Note how Exe is resolved from the produced row since the query is evaluated within the nested scope.

Foreach is useful when we want to run a query on the output of another query.

Foreach on steroids

Normally foreach iterates over each row one at a time. The foreach() plugin also takes the workers parameter. If this is larger than 1, foreach() will use multiple threads and evaluate the query query in each worker thread. This allows the query to evaluate values in parallel.

For example, the following query retrieves all the files in the System32 directory and calculates their hash.

SELECT FullPath, hash(path=FullPath)
FROM glob(globs="C:/Windows/system32/*")
WHERE NOT IsDir

As each row is emitted from the glob() plugin with a filename of a file, the hash() function is evaluated and the hash is calculated.

However this is linear, since each hash is calculated before the next hash is started - hence only one hash is calculated at once.

This example is very suitable for parallelization because globbing for all files is quite fast, but hashing the files can be slow. If we delegate the hashing to multiple threads, we can make more effective use of the CPU.

SELECT * FROM foreach(
row={
   SELECT FullPath
   FROM glob(globs="C:/Windows/system32/*")
   WHERE NOT IsDir
}, query={
   SELECT FullPath, hash(path=FullPath)
   FROM scope()
}, worker=10)

Foreach and deconstructing a dict

Deconstructing a dict means to take that dict and create a column for each field of that dict. Consider the following query:

LET Lines = '''Foo Bar
Hello World
Hi There
'''

LET all_lines = SELECT grok(grok="%{NOTSPACE:First} %{NOTSPACE:Second}", data=Line) AS Parsed
FROM parse_lines(accessor="data", filename=Lines)
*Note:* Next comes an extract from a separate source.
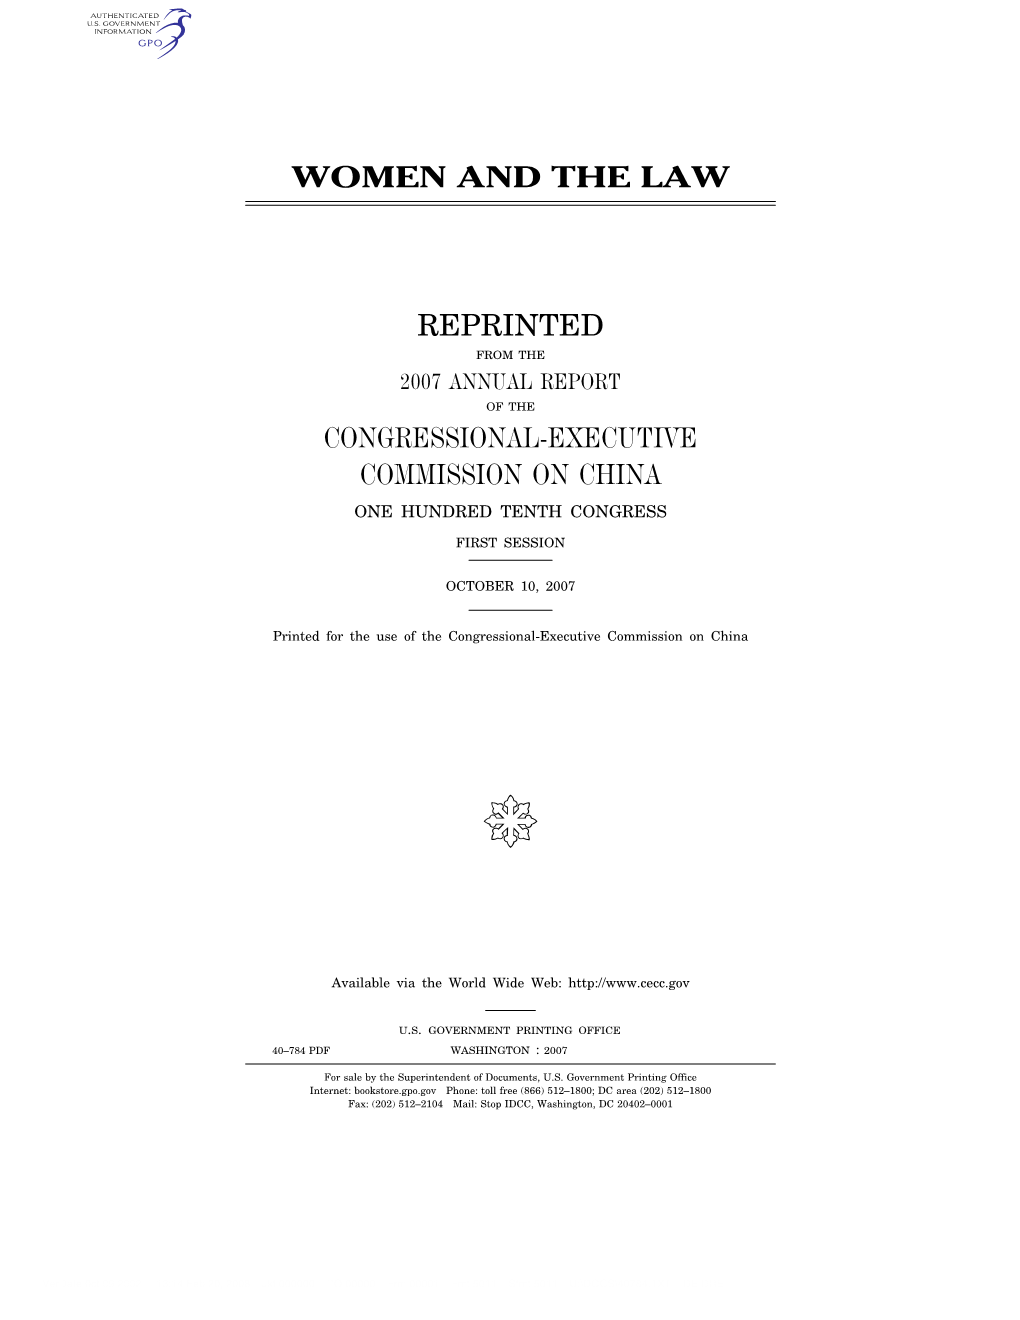 Women and the Law Reprinted Congressional

SELECT * FROM foreach(row=all_lines, column="Parsed")

This query reads some lines (for example log lines) and applies a grok expression to parse each line. The grok function will produce a dict after parsing the line with fields determined by the grok expression.
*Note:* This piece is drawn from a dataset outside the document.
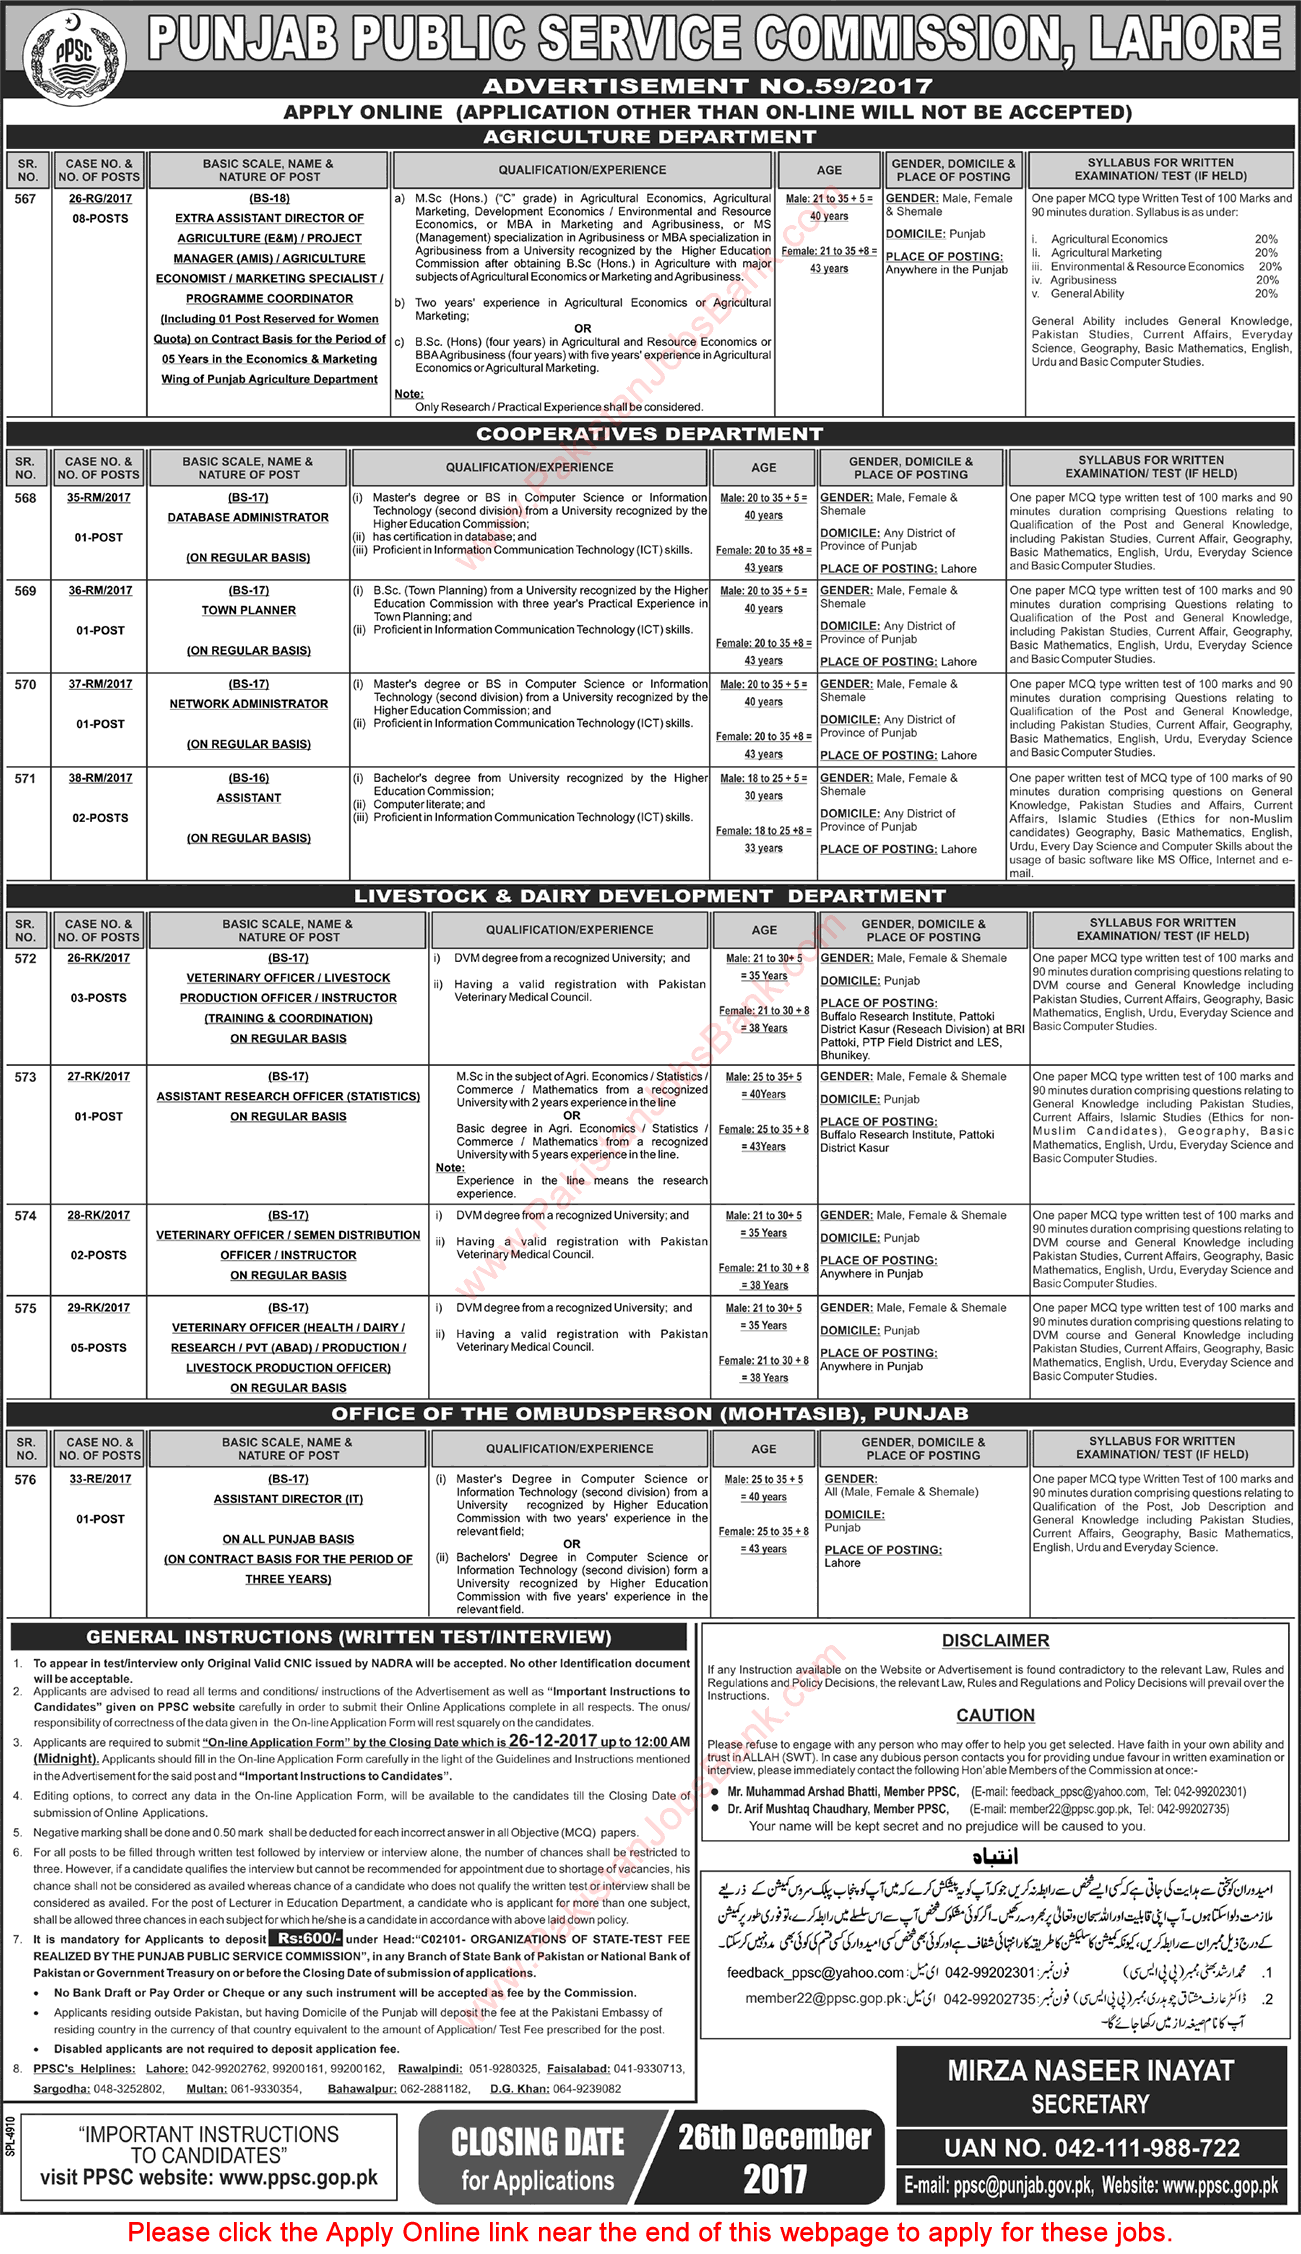 PPSC Jobs December 2017 Apply Online Consolidated Advertisement No 59/2017 Latest

The all_lines query will have one column called “Parsed” containing a dict with two fields (First and Second). Using the column parameter to the foreach() plugin, foreach will use the value in that column as a row, deconstructing the dict into a table containing the First and Second column.

LET expressions

We know that subqueries can be used in various parts of the query, such as in a column specifier or as an argument to a plugin. While subqueries are convenient, they can become unwieldy when nested too deeply. VQL offers an alternative to subqueries called Stored Queries.
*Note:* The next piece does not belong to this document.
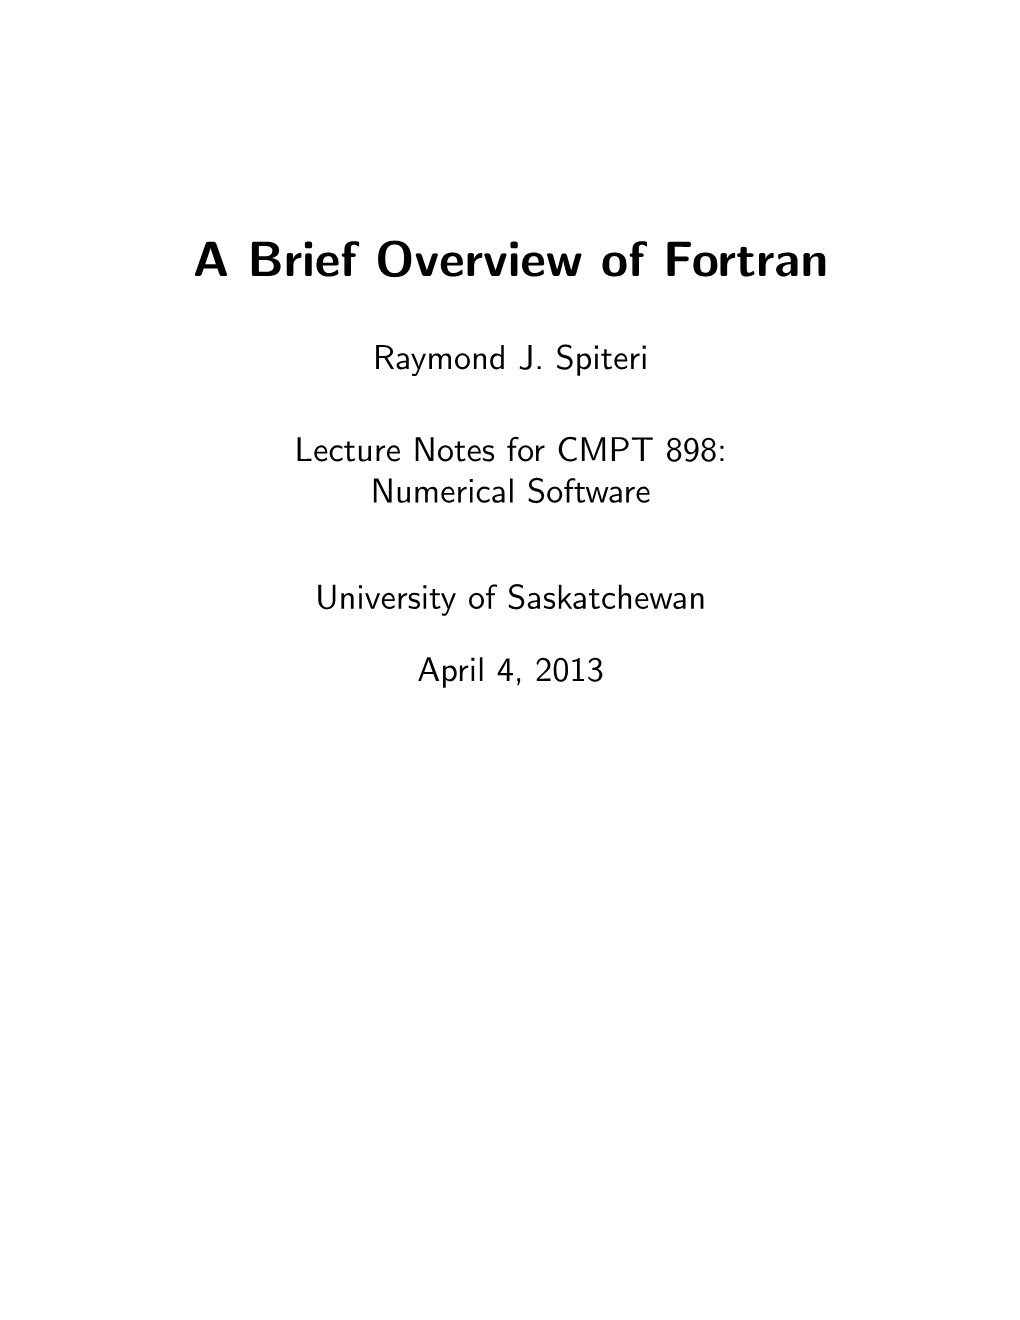 A Brief Overview of Fortran

A stored query is a lazy evaluator of a query that we can store in the scope. Wherever the stored query is used it will be evaluated on demand. Consider the example below, where for each process, we evaluate the stat() plugin on the executable to check the modification time of the executable file.

LET myprocess = SELECT Exe FROM pslist()

LET mystat = SELECT ModTime, Size, FullPath
        FROM stat(filename=Exe)

SELECT * FROM foreach(row=myprocess, query=mystat)

A Stored Query is simply a query that is stored into a variable. It is not actually evaluated at the point of definition. At the point where the query is referred, that is where evaluation occurs. The scope at which the query is evaluated is derived from the point of reference.

For example in the query above, mystat simply stores the query itself. Velociraptor will then re-evaluate the mystat query for each row given by myprocess as part of the foreach() plugin operation.

LET expressions are lazy

We have previously seen VQL goes out of its way to do as little work as possible.

Consider the following query

LET myhashes = SELECT FullPath, hash(path=FullPath)
FROM glob(globs="C:/Windows/system32/*")

SELECT * FROM myhashes
LIMIT 5

The myhashes stored query hashes all files in System32 (many thousands of files). However, this query is used in a second query with a LIMIT clause.

When the query emits 5 rows in total, the entire query is cancelled (since we do not need any more data) which in turn aborts the myhashes query. Therefore, VQL is able to exit early from any query without having to wait for the query to complete.

This is possible because VQL queries are asynchronous - we do not calculate the entire result set of myhashes before using myhashes in another query, we simply pass the query itself and forward each row as needed.

Materialized LET expressions

A stored query does not in itself evaluate the query. Instead the query will be evaluated whenever it is referenced.

Sometimes this is not what we want to do. For example consider a query which takes a few seconds to run, but its output is not expected to change quickly. In that case, we actually want to cache the results of the query in memory and simply access it as an array.

Expanding a query into an array in memory is termed Materializing the query.

For example, consider the following query that lists all sockets on the machine, and attempts to resolve the process ID to a process name using the pslist() plugin.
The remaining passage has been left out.